# Pogonomics



## phatch (Mar 29, 2002)

Joe Dominguez wrote a book called _Your Money or Your Life_. This is one of the more influential books I have read. Later in life, he wrote an essay that summarized much of that book.

Pogonomics

"We have met the enemy and he [or she] is us."

by Joe Dominguez

While no one was paying much attention, economics replaced religion as
the touchstone of human life. Like religion, economics has priests and rituals.
The purpose of these priests and rituals is to interpret the meaning of
events while keeping the people in confusion. Any effort on the part of
the masses to connect directly with the realities behind the rituals is
considered a sacrilege.

There is supply-side economics, Keynesian economics, invisible-hand market
economics - but none of these deal with the real driving force _behind
_economics. The following simple explanations will put you in direct
contact with this essential driving force.

1 - LEXICON

ECOLOGY: The mutual relations between organisms and their_ environment_.

ECONOMICS: The mutual relations between human organisms and their
_environment_.
The Dismal Science that investigates the conditions and laws affecting the
production, distribution and _consumption_ of _resources_. The
material means of satisfying human desires. Since humans appear to be insatiable,
that last definition is obviously an oxymoron; therefore, antonym:
_enough._

EARTH: Our home planet, mother, source of all sustenance, _resource_
base, host, life support system, teat.

RESOURCE: Everything in, on, or above _Earth_ that we can _consume_,
use up, destroy, annihilate, violate or deprive others of. We accomplish
all this with the use of _money_ (see below).

CONSUME: Use up, devour, destroy, waste, squander.

CONSUMER: One who uses up, devours, destroys, wastes, squanders.

DEMAND: To claim as just or due. In economics, the desire to consume,
combined with the ability to ignore one's conscience.

ENVIRONMENT: That which results from the _consumption _of
_resources_.

EMPLOYMENT: Activity by which one exchanges one's human _resource_
(life-energy) for_ money._ A vital step in the conversion of a _resource
_into _environment_. Also, contemporary man's (and increasingly,
woman's) primary purpose for existence and primary means of identification
- e.g., "I am a _____" (lawyer, plumber... etc.).

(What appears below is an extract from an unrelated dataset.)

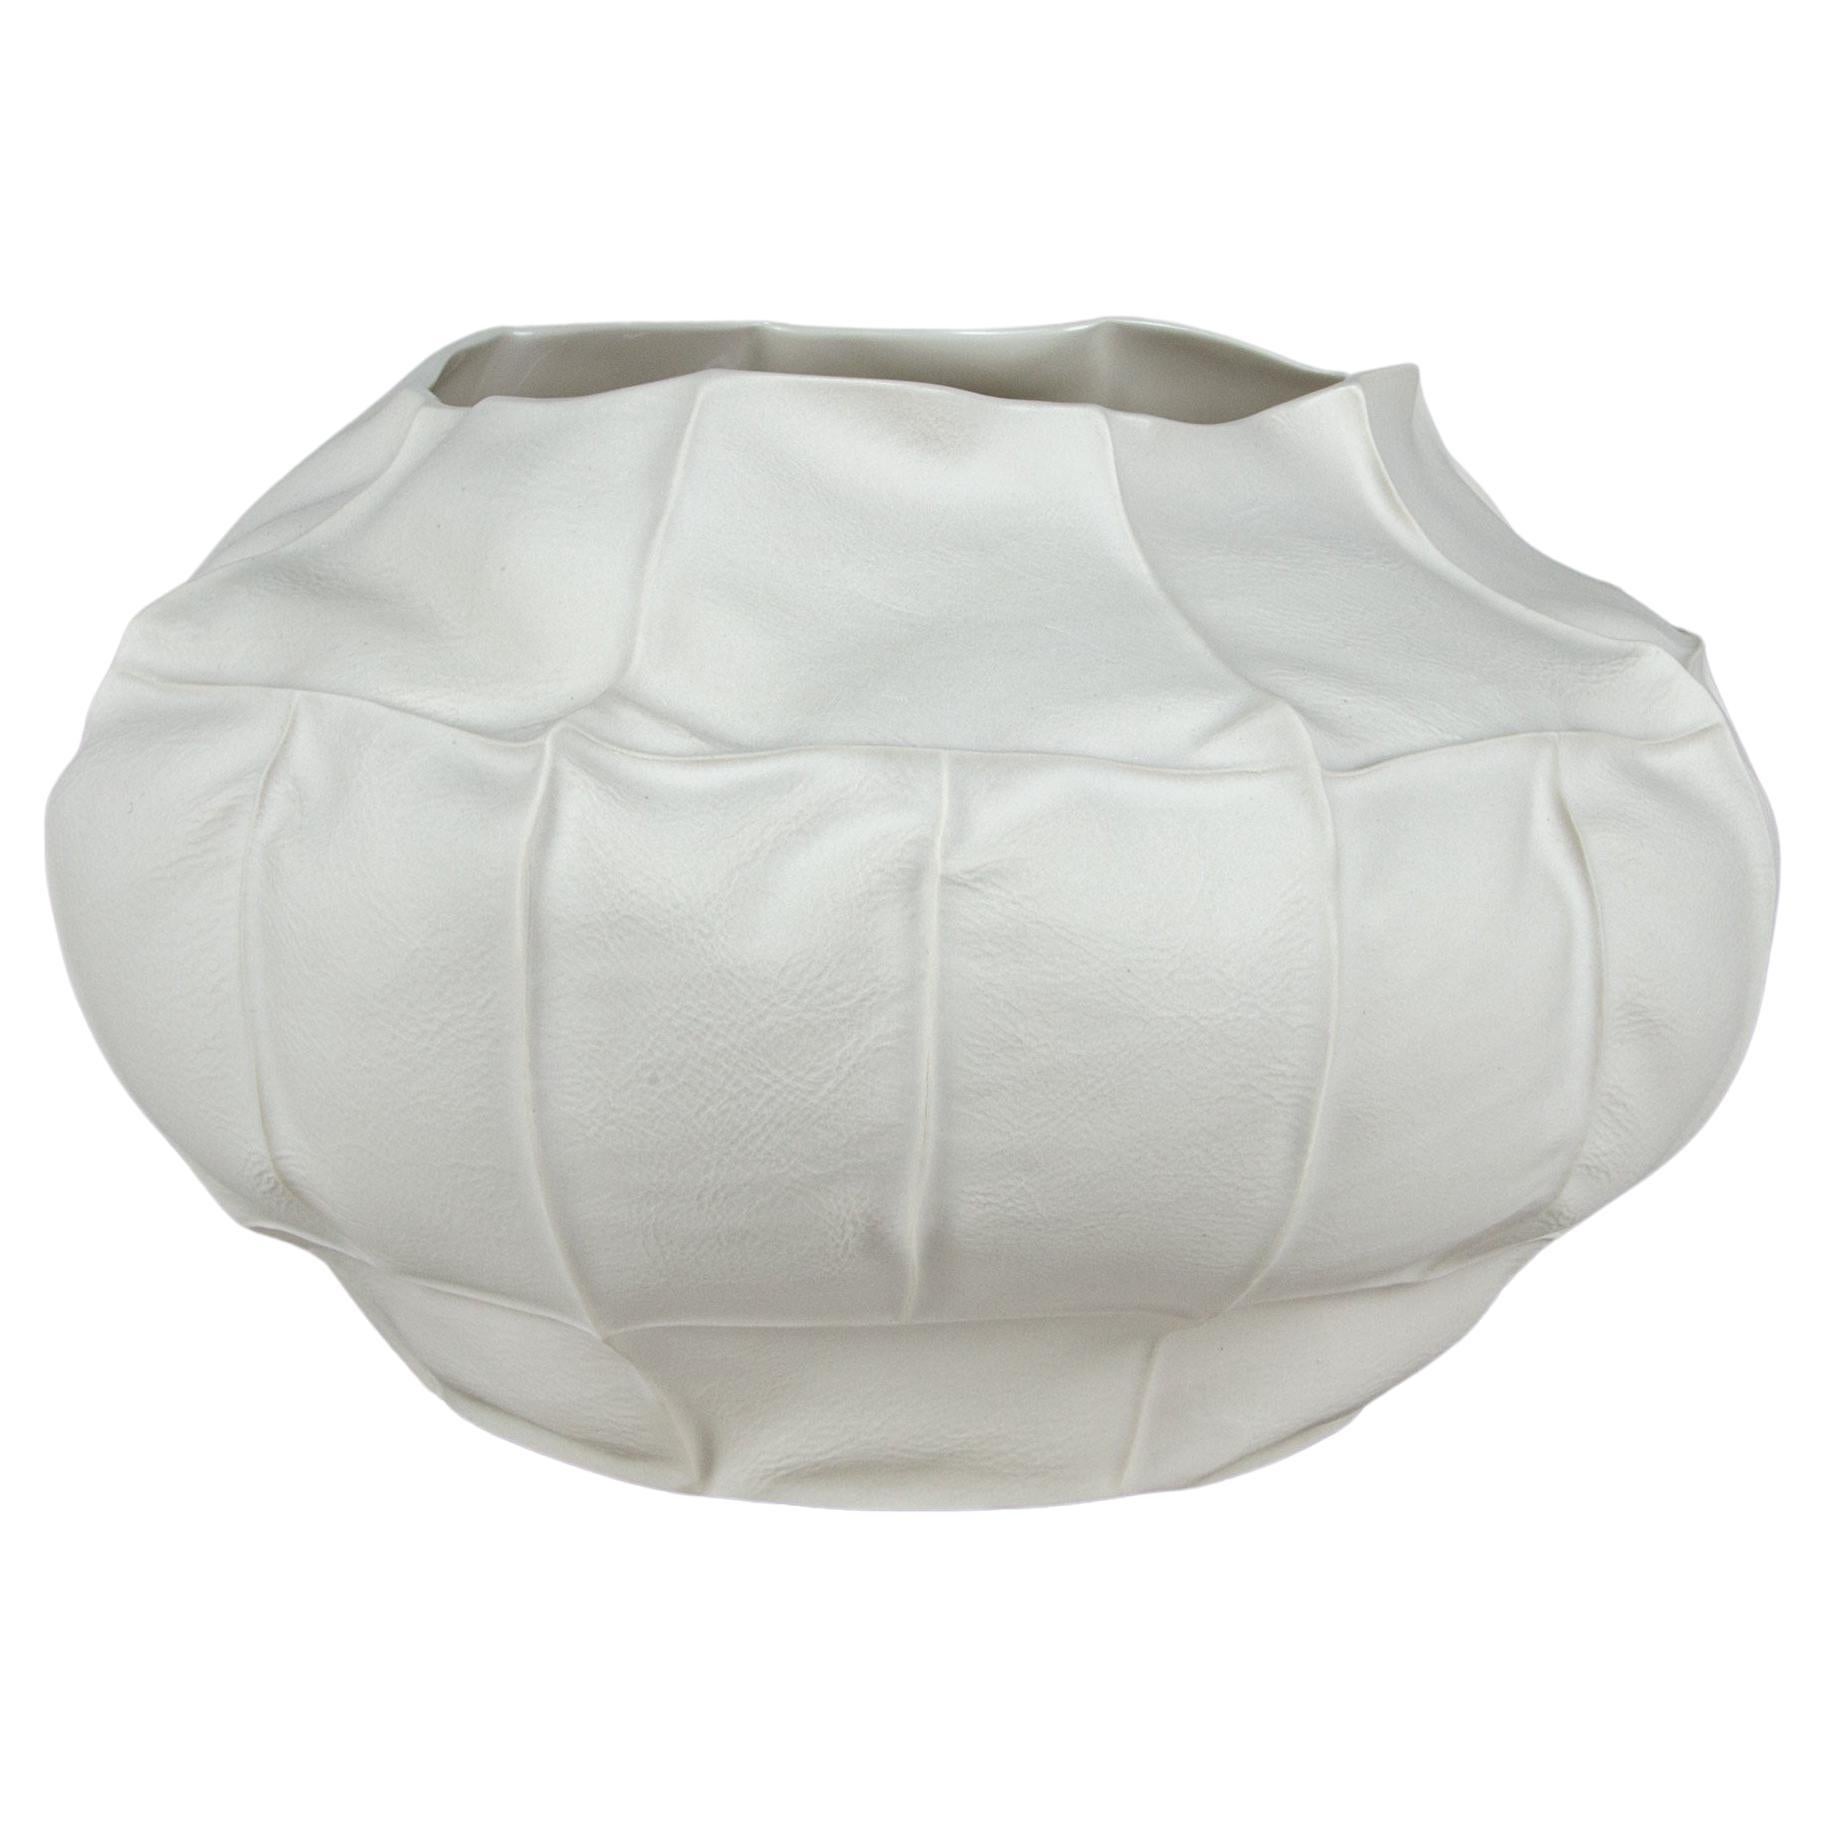 Organic White Ceramic Kawa Vessel, Large 01, Leather Cast Porcelain Vase For Sale

MONEY: That which we spend one-third of our adult lifetimes acquiring,
one-third disposing of, one-third recovering from the acquisition and disposal
of, and the rest of the time bemoaning the lack of. _Money_ is a lien
on _Earth's resources. _

DEBT: In ancient theology, a sin or trespass. In modern sociology, a
euphemism for incarceration, as in "He paid his _debt_ to society."
In the social practices resulting from the contemporary theology of
_economics_,
a highly respected way to repay your children for the suffering they have
caused you. A device for keeping people trapped in _employment_, thus
creating more_ environment_.

SAVINGS: The result of a practice, now obsolete, whereby _money_
(or_ resources_) was set aside to provide for when _employment _was
not available or advisable, due to its deleterious effect on the _consumer_
or on the _Earth_. Antonym: _debt_.

ENOUGH: A condition apparently experienced only by lower animals, plants,
galaxies and primitive hominids of the Pre-Industrial Revolution era (the
latter were said to have _enough _after spending only a few hours per
day acquiring _resources_).

VALUE: (_n_) Monetary or material worth; cost, expense; (_v_)
to prize, esteem.

VALUES: What we profess to be truly important guiding principles in our
lives.

INTEGRITY: The state of being complete, undivided; unity, concord, harmony;
congruity; wholeness, completeness; alignment between _values _and
behavior.

POGONOMICS: "We have met the enemy and he is us."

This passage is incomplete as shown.